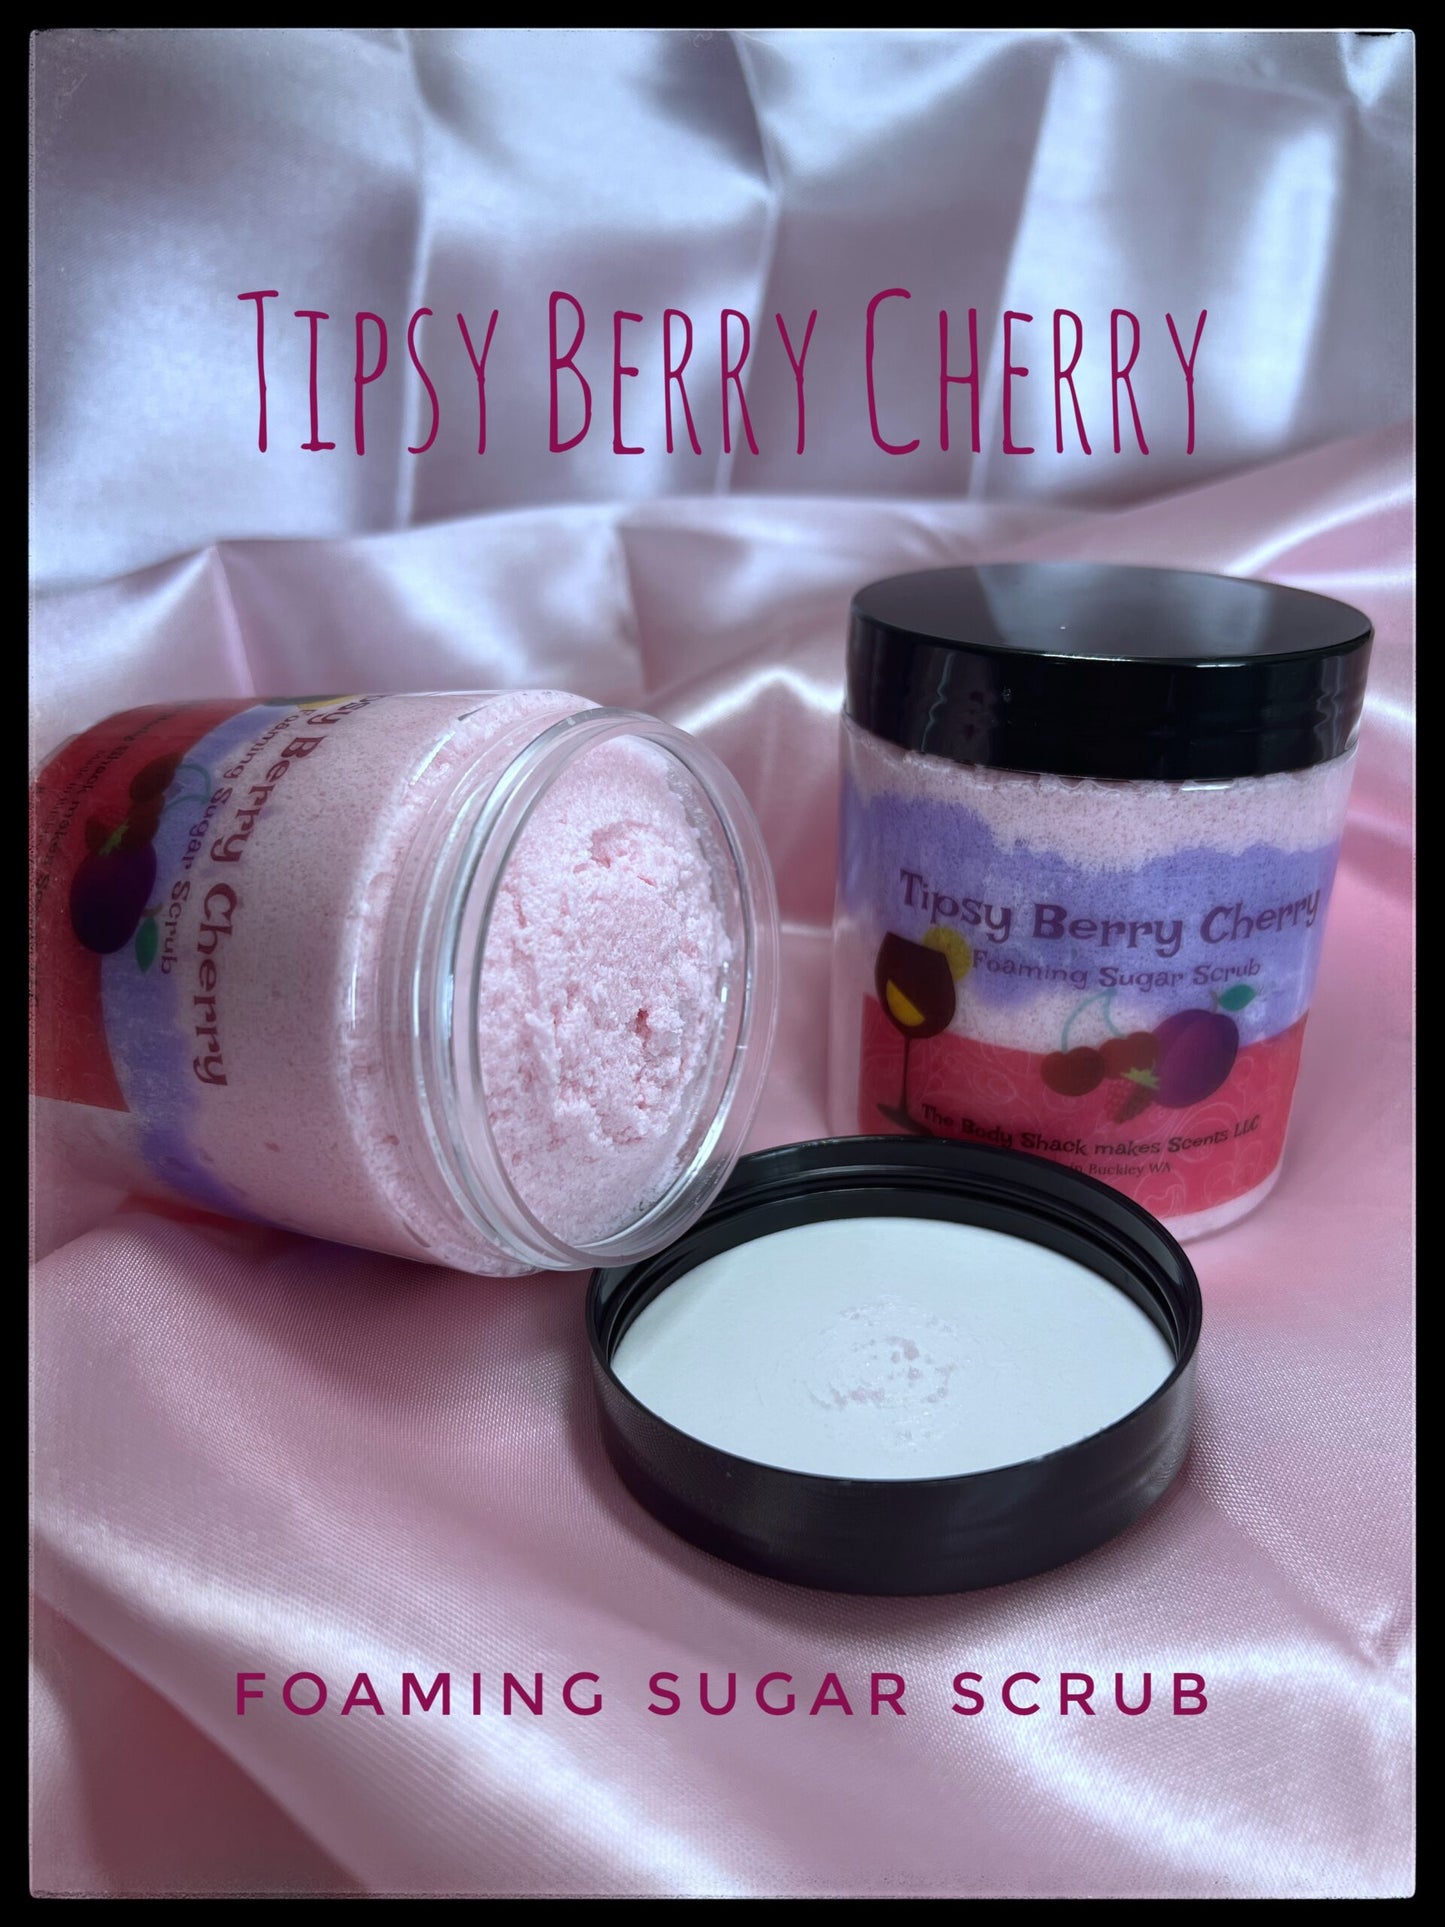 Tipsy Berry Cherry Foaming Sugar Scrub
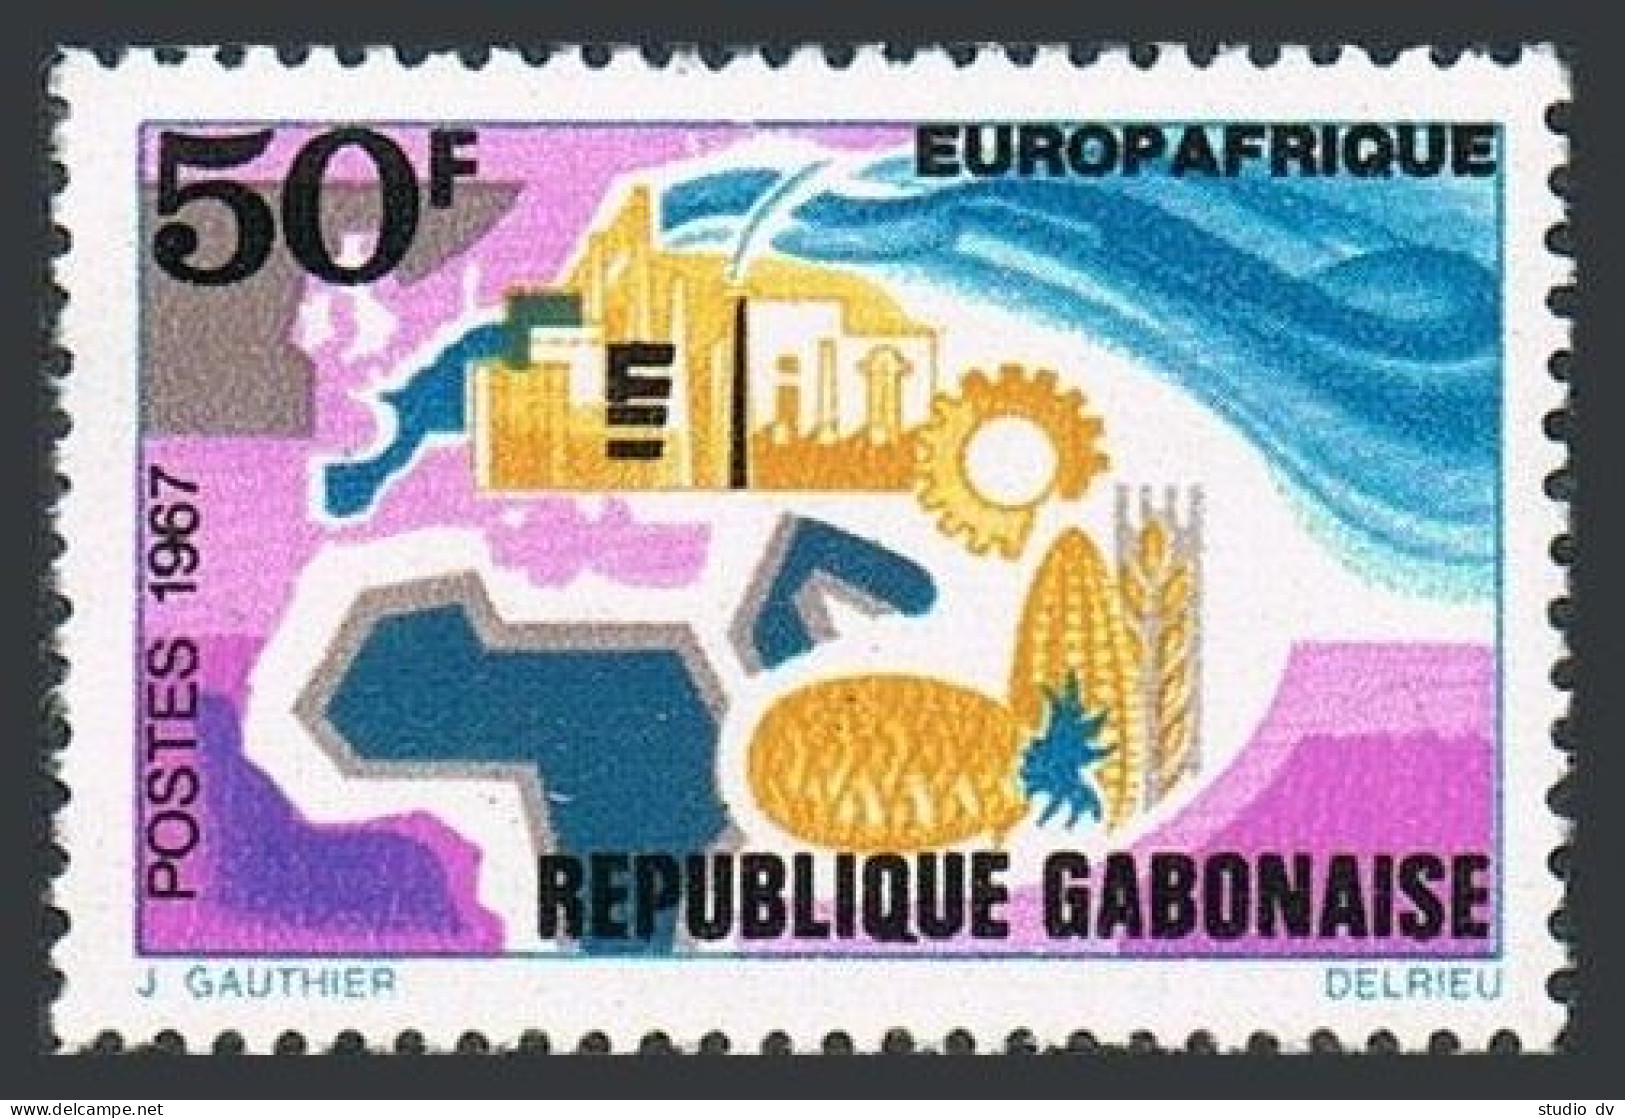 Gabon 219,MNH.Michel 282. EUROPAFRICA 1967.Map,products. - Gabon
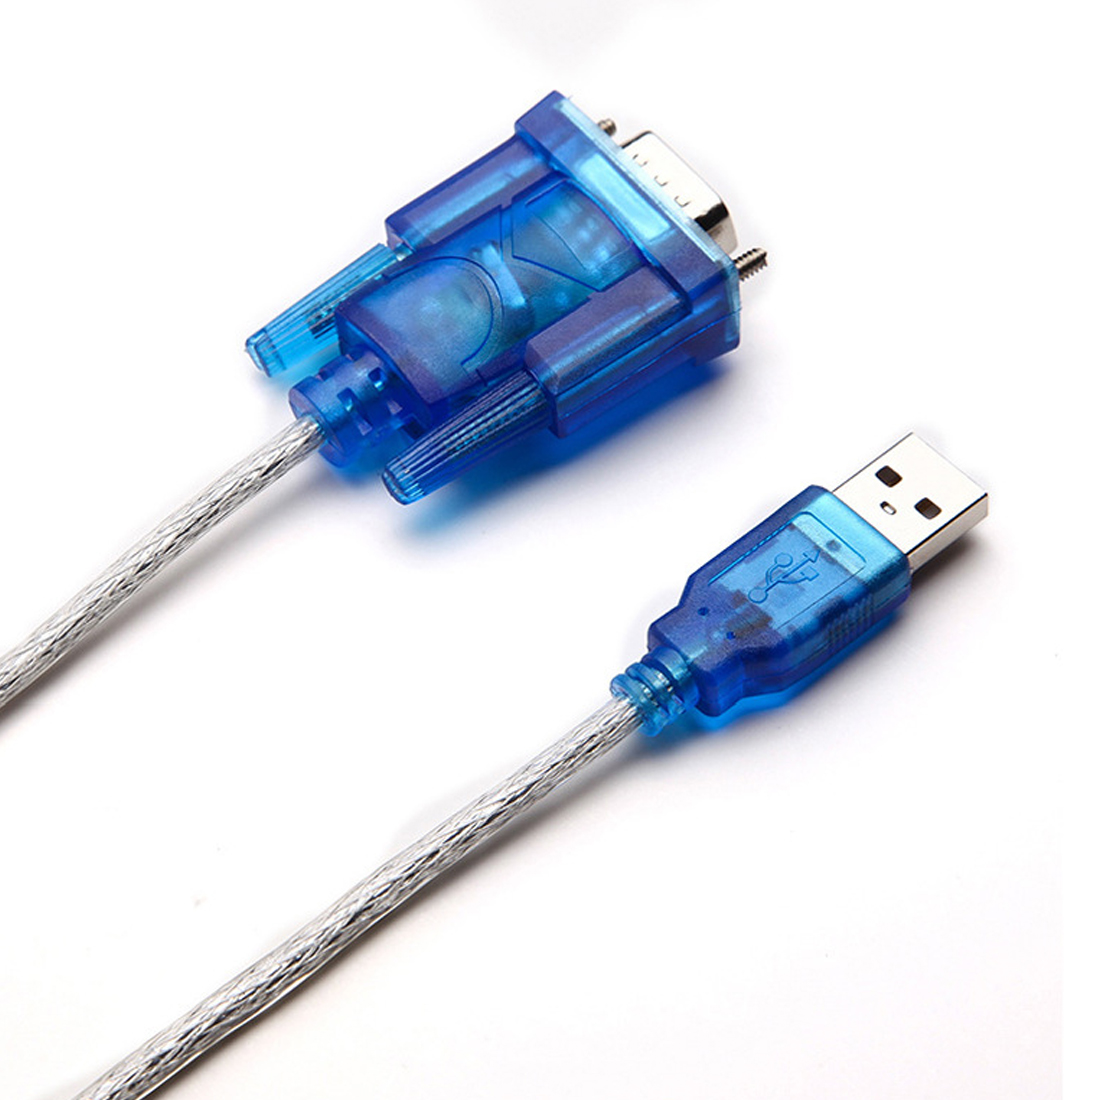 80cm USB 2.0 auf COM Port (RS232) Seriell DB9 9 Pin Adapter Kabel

════════════════════

Would you copy out every line of the data above exactly, minus the pictures?

 Tipsy Berry Cherry Foaming Sugar Scrub
 Gabon 219,MNH.Michel 282. EUROPAFRICA 1967.Map,products. - Gabon
 80cm USB 2.0 auf COM Port (RS232) Seriell DB9 9 Pin Adapter Kabel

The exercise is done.